Thinking about uncertainty
One of the most common complaints about xG I hear is about the ratings of single shots.
My common refrain is that for a single shot the error bars should be in the range of plus or minus 25%. This matches pretty well with work done by @WillTGM who estimated that at the 90% confidence intervals a single shot was in the 10-15% range, with things dropping to about +/- 5-7% at 100 shots, +/- 2-3% at 1,000 shots and then settling into +/- 1-2% at 5,000 shots.
With this, I thought it would be good to think about ways of illustrating this uncertainty. We present these graphics and numbers with decimal points (sometimes even into the 2 decimal range, I know I can be guilty of that at times) that present a level of certainty that is not warranted, especially at the single-game level.

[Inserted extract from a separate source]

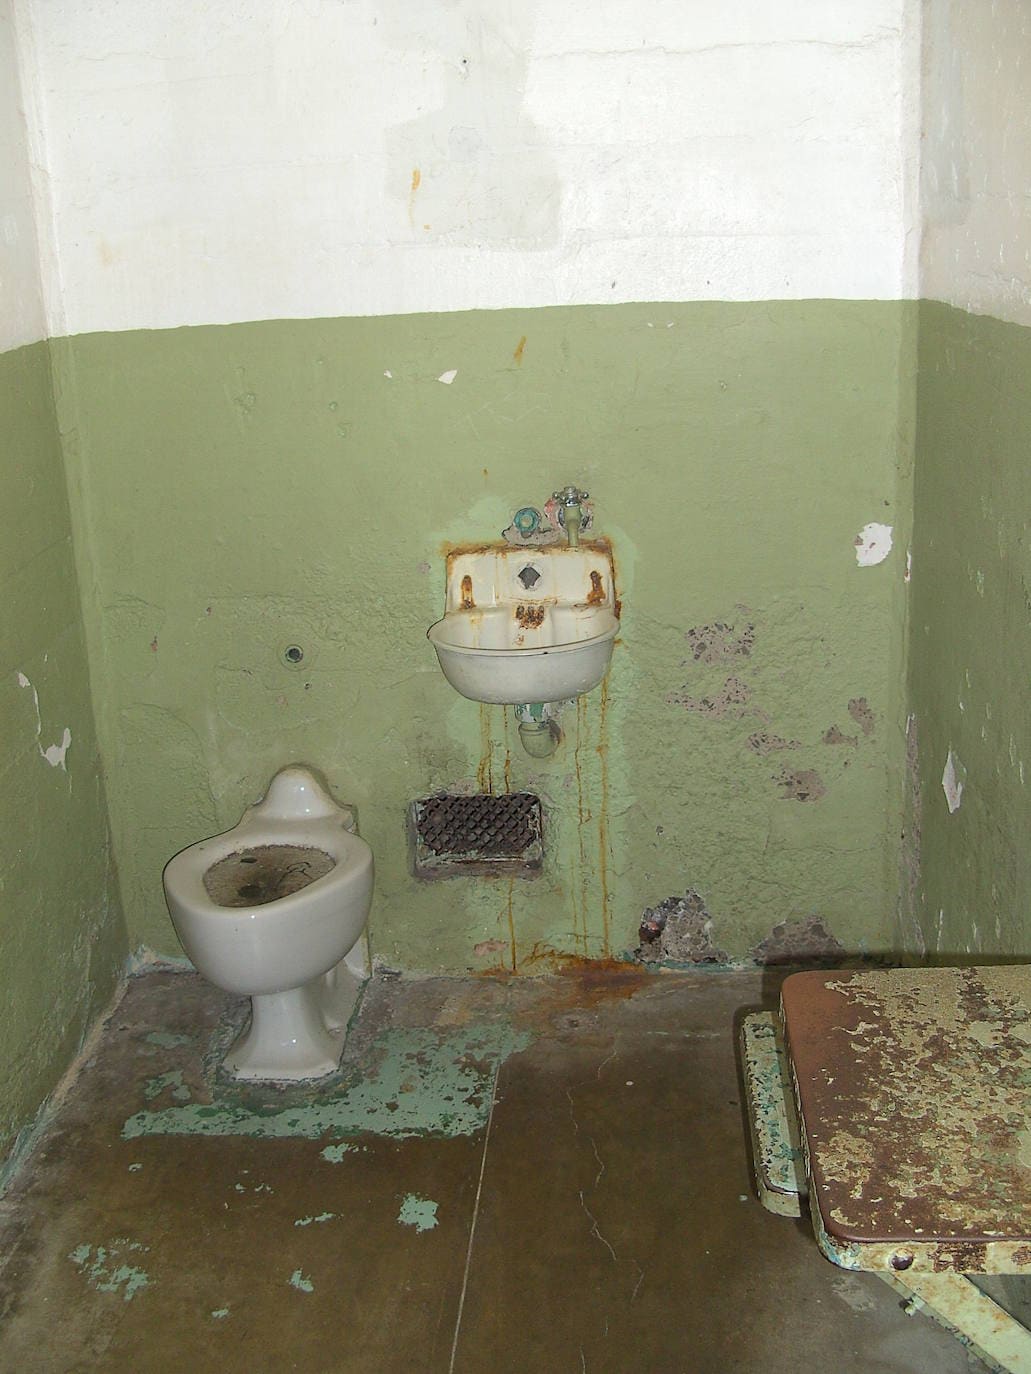 2.- Alcatraz (San Francisco, Estados Unidos) | Alcatraz, isla natural de la bahía de San Francisco es, probablemente, la cárcel más famosa del mundo, aunque solo funcionara como tal durante 29 años (de 1934 a 1963). Alcatraz fue una superprisión, un experimento penitenciario ante el incremento de los crímenes en Estados Unidos tras la Gran Depresión de la década de 1930. En 'La Roca', como también era conocida, estuvieron algunos de los mafiosos más conocidos de la época, como Al Capone o Robert Birdman Stroud.

So with inspiration from what others have done before, especially Martin Eastwood (@penaltyblog) I have made some adjustments to my standard xG vizualizations.
The new running xG Graphics
First this is what the old one looks like:
And here is what the updated one looks like.
I had made a few changes here, first I have changed my default font style because I got bored looking at the old one.
Second and more importantly, is the addition of the confidence intervals for each shot. I have gone with a bit more uncertainty in these sticking with the +/- 25%. The top end of shots is obviously still capped so that a shot cannot have a value greater than 1, so with really big chances the low end will be larger than the high estimate.
I have also added the low and high estimates range to the sum at the top, to make seeing the level of uncertainty more clear.
Overall I am quite happy with how this looks and the extra information that is presented seems intuitive (if it isn't or more information is warranted please send me a message).
The third thing I have added is the simulated match result from the shots. This is originally inspired by what StatsBomb and something that I had before when I was still making these from excel.
The simulated match result is a Monte Carlo simulation where for each shot a random value between the low estimate and high estimate (at the suggestion of @elliott_stapley, which is much appreciated) is chosen and then compared to a random number to simulate goal or no goal. These are added up and then the goals scored are compared to give the probability of home win/draw/away win. From these, I have also derived expected points for each team.
One of the things that using the low and high estimates does for these simulations is flatten the odds slightly and I think that is probably a good thing to reflect that there is more uncertainty than was reflected in the regular xG values. I am happy again to have spent the time to get this into the visualization and I like the current presentation.
Thanks for reading and if you have any suggestions I am always open to hearing them.